Friday, December 3, 2010

RENT as entertainment-education?

Was RENT an early example of entertainment-education in the United States? I argue that RENT worked as a highly successful health entertainment-education piece because of the high-quality of the artistic content made audiences more likely to also be open to its overall educational message.

The musical opened in 1996, after a collaboration between composer Jonathan Larson and playwright Billy Aronson. The play is a reworking of Puccini’s La Boheme. Tuberculosis racks the characters of Puccini’s famous opera but Aronson brought the story into 20th century New York City with characters dealing with the outbreak of the HIV/AIDS epidemic. After its opening in New York, the play went on to huge success and praise from audiences and critics alike.[1]
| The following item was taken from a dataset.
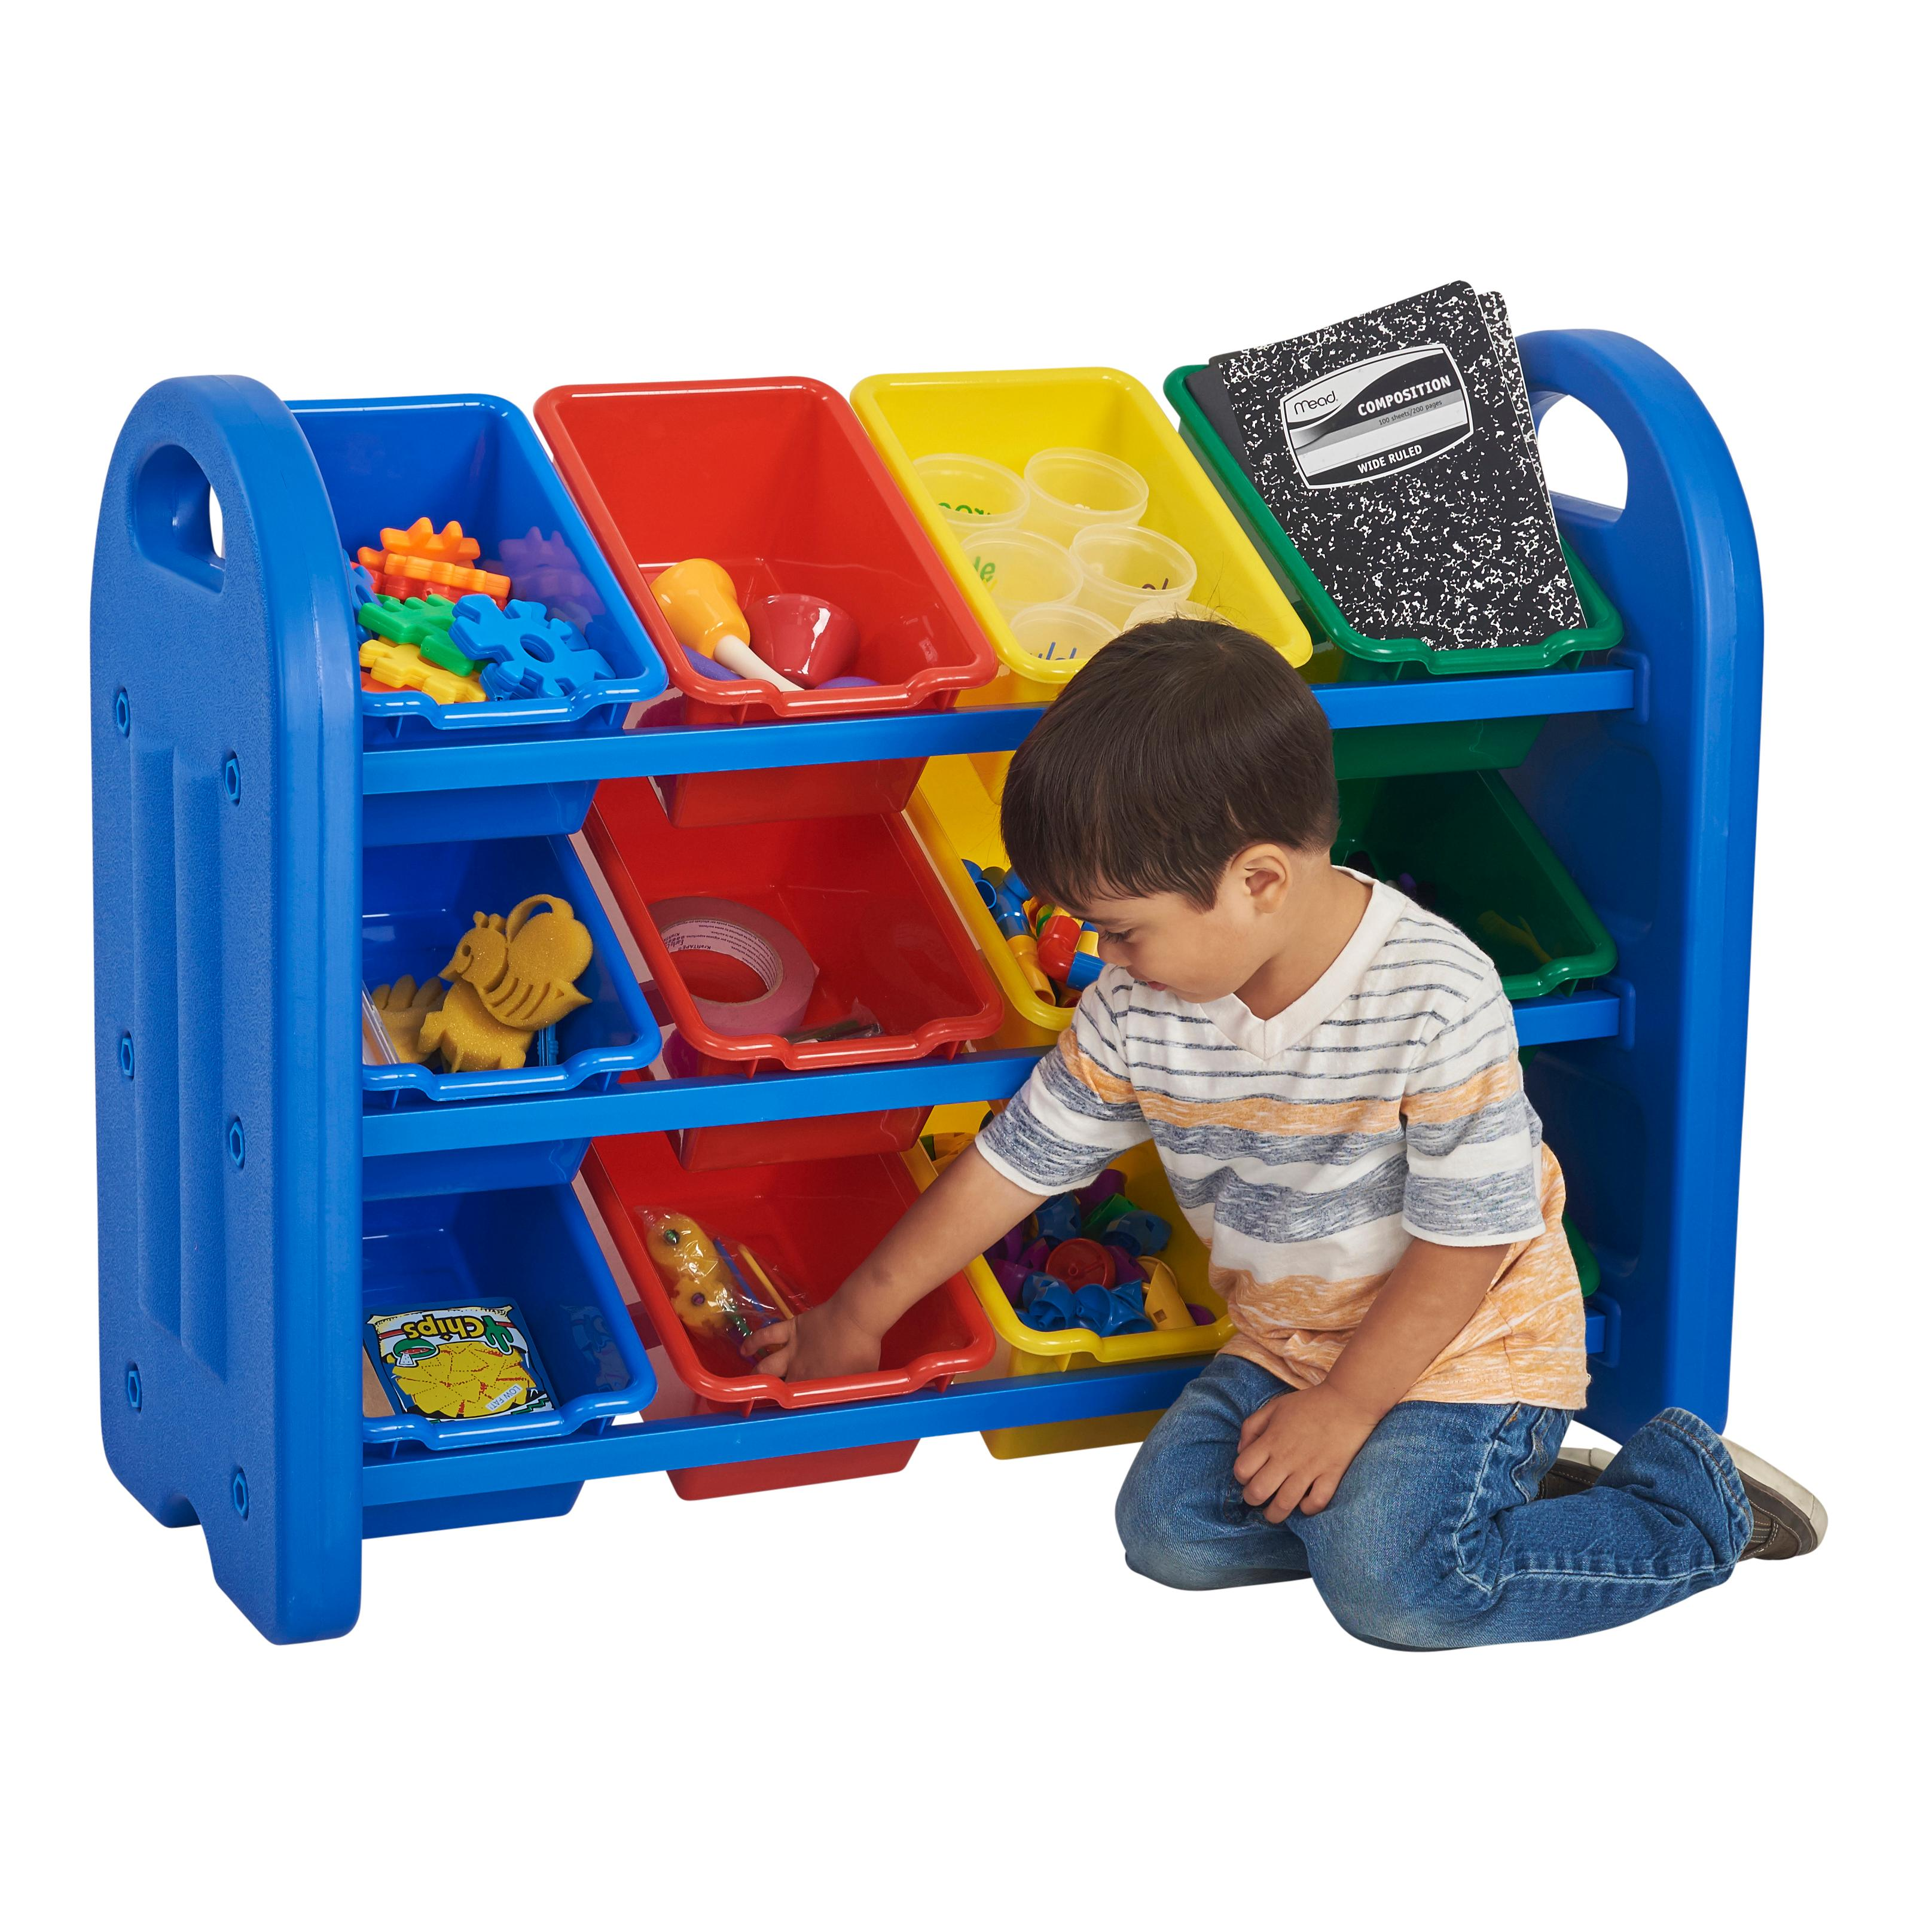 ecr4kids 3 tier toy storage organizer with 12 bins ecr4kids tools home improvement. Black Bedroom Furniture Sets. Home Design Ideas

The play deals with several of its characters living with and dying of AIDS in a tangle of friendships and love stories. It also deals outright with gay and transgender issues that clouded the AIDS epidemic in the United States for years.

Unlike Jasoos Vijay, there was no funding from governments or non-profits.[2] It was just two friends with hopes of bringing rock opera to the MTV generation. But they wrote about their own lives, and an arts community in New York City that was ravaged by the AIDS/HIV epidemic during those years. The song “Will I” takes place at a fictional Life Support meeting—a support group for those with AIDS. In the song, the characters introduce themselves. In the early years of the Broadway run, the actors would change the names nightly to honor their own real-life friends who were living with or had died of AIDS. HIV-positive friends of Larson’s also encouraged him to include the feelings of anger and resentment that are common among those with the disease into the play. The result became the song “Life Support.”[3]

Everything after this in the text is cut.